このPTP用多層シート(2)に対して、上記各物性の測定・評価を行った。結果を表2に示す。
上記PVC-1シートにAC剤-4(溶剤系ポリウレタンAC剤)を1.0g/m2(乾燥時)となるようにグラビアコート法で塗布し、70℃のエアオーブンを通して乾燥後、PVDC-1を46g/m2(乾燥時)となるようにキスコート-エアナイフ法で塗布して、90℃のエアオーブンを通して、乾燥後巻き取って積層体2’を得た。
次に、上記PVC-1シートの表面及び上記積層体2’のPVDC-1面夫々にAC剤-5を0.1g/m2(乾燥時)となるようにグラビアコート法で塗布し、その間に、350℃に溶融した補強層樹脂-1を30μmになる様に押出してサンドラミネートして4層の積層体(層構成:PVC-1/AC剤-4/PVDC-1/AC剤-5/補強層-1/AC剤-5/PVC-1)であるPTP用多層シート(2’)を得た。
この比較用PTP用多層シート(2’)に対して、上記各物性の測定・評価を行った。結果を表2に示す。
本発明による4層の積層体であるPTP用多層シート(2)は、長時間経過後の黄色度、耐黄変性ならびに膜密着強度、WVTR、落球衝撃強度(耐衝撃性)の各物性において高度にバランスがとれた優れた結果を示した。
特に、本発明のPTP用多層シート(2)は残留溶剤量が極めて少ないものになっていた。
上記PVC-2シートにAC剤-1を0.5g/m2(乾燥時)となるようにグラビアコート法で塗布し、70℃のエアオーブンを通して乾燥後、PVDC-2を46g/m2(乾燥時)となるようにキスコート-エアナイフ法で塗布して、90℃のエアオーブンを通して乾燥後巻き取って積層体3を得た。
次に、2枚の上記積層体3のPVDC-2面夫々にAC剤-1を0.3g/m2(乾燥時)となるようにグラビアコート法で塗布し、その間に、350℃に溶融した補強層樹脂-1を35μmになる様に押出してサンドラミネートして5層の積層体(層構成:PVC-2/AC剤-1/PVDC-2/AC剤-1/補強層-1/AC剤-1/PVDC-2/AC剤-1/PVC-2)であるPTP用多層シート(3)を得た。
このPTP用多層シート(3)に対して、上記各物性の測定・評価を行った。結果を表3に示す。

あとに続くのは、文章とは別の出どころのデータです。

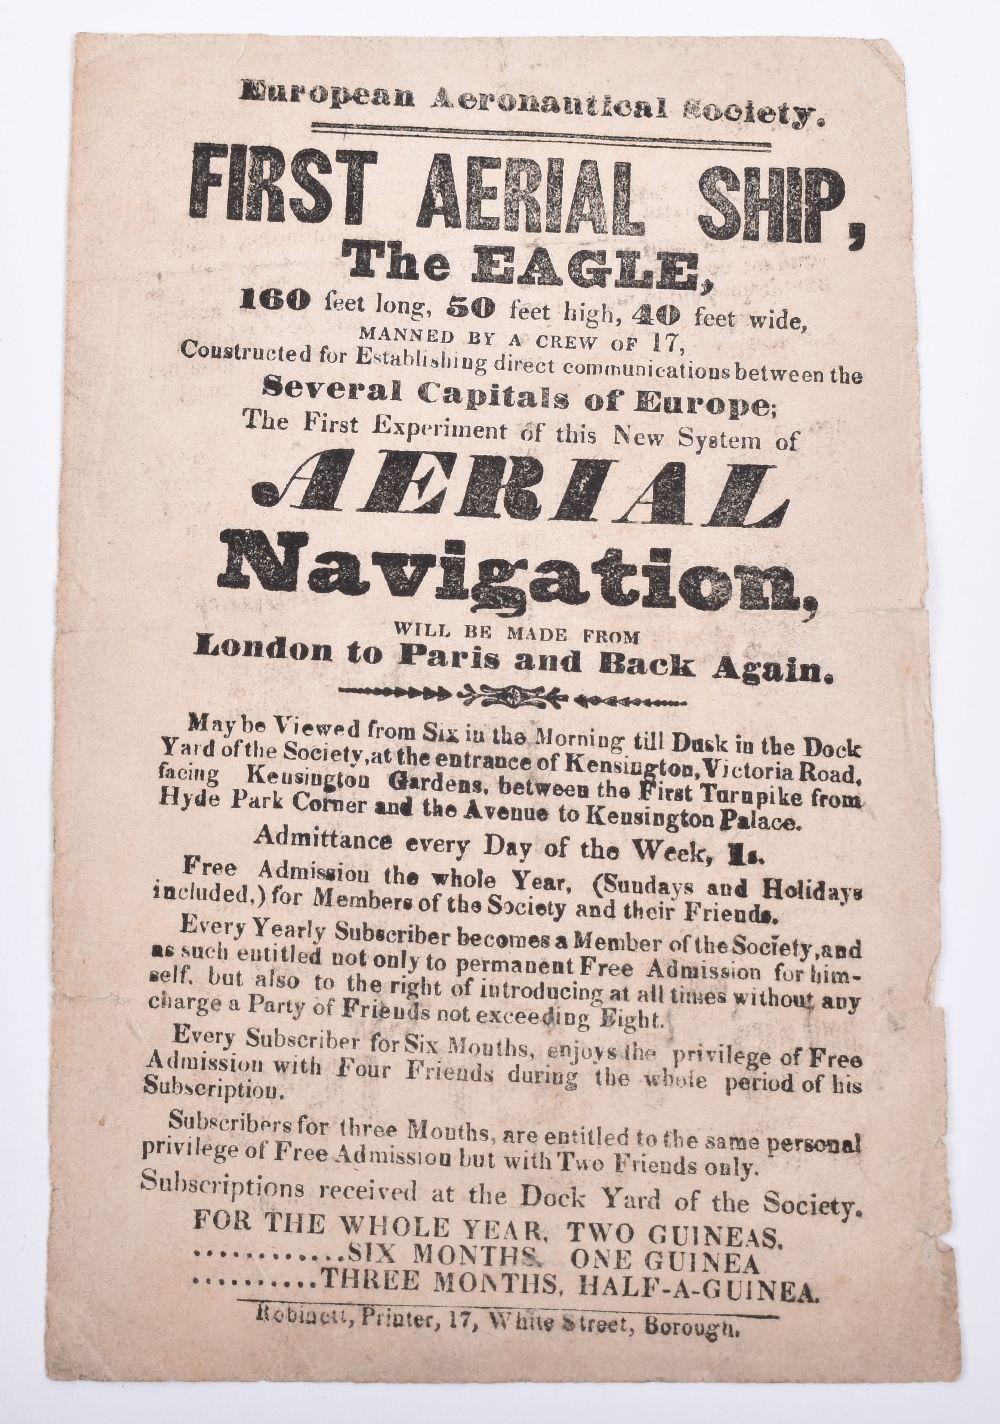 Lot 1 - First Aerial Ship the Eagle, Original Handbill from 1835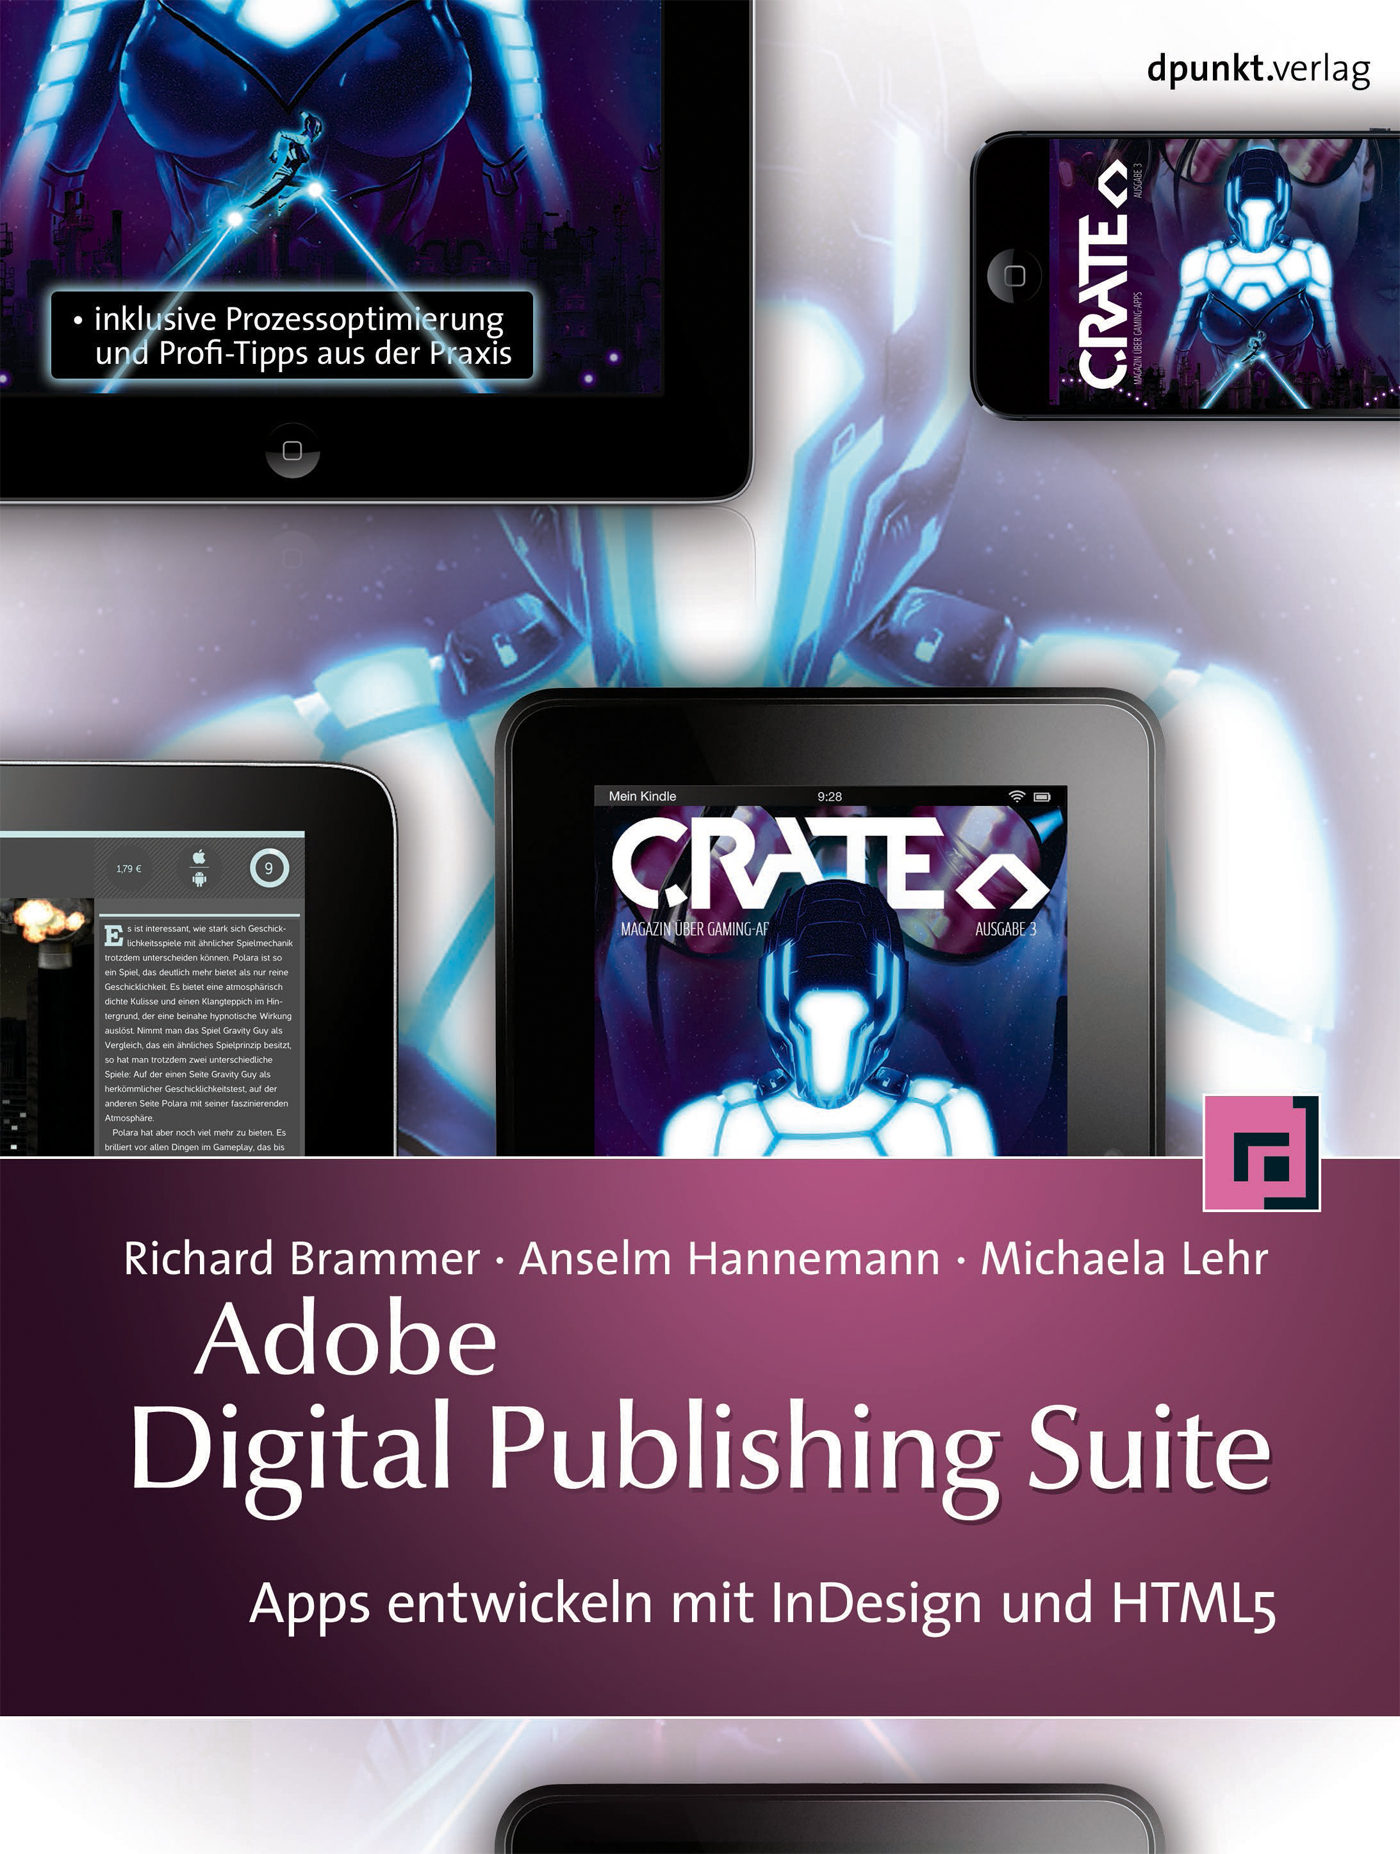 Adobe Digital Publishing Suite Ebook Ebooks El Corte

実施例3において、補強層樹脂-1を、補強層樹脂-2が80重量%と補強層樹脂-3が20重量%とのブレンド物(メルトマスフローレート:約6.8g/10分)に替えた以外は同様な操作を行ってPTP用多層シート(4)を得た。
このPTP用多層シート(4)に対して、上記各物性の測定・評価を行った。結果を表3に示す。
本発明による5層の積層品であるPTP用多層シート(3)及び(4)は耐黄変性、残留溶剤量ならびに膜密着強度、WVTRの各物性において優れた結果を示した。
特に、PTP用多層シート(3)及び(4)はPTP用多層シート(2)に比べて、総厚みが薄いにも関わらず水蒸気バリア性に優れていた。なお、シートの総厚みはPTPの錠剤取り出し性と密接に関わっており、この点においても改良される傾向にあった。
また、PTP用多層シート(4)(実施例4)は、補強層樹脂のメルトマスフローレートが約6.8g/10分であることに起因して落球衝撃強度(耐衝撃性)は小さいが、錠剤を充填したシートをその角を下にして落下させた時の角部割れが極端に少なくなる傾向にあった。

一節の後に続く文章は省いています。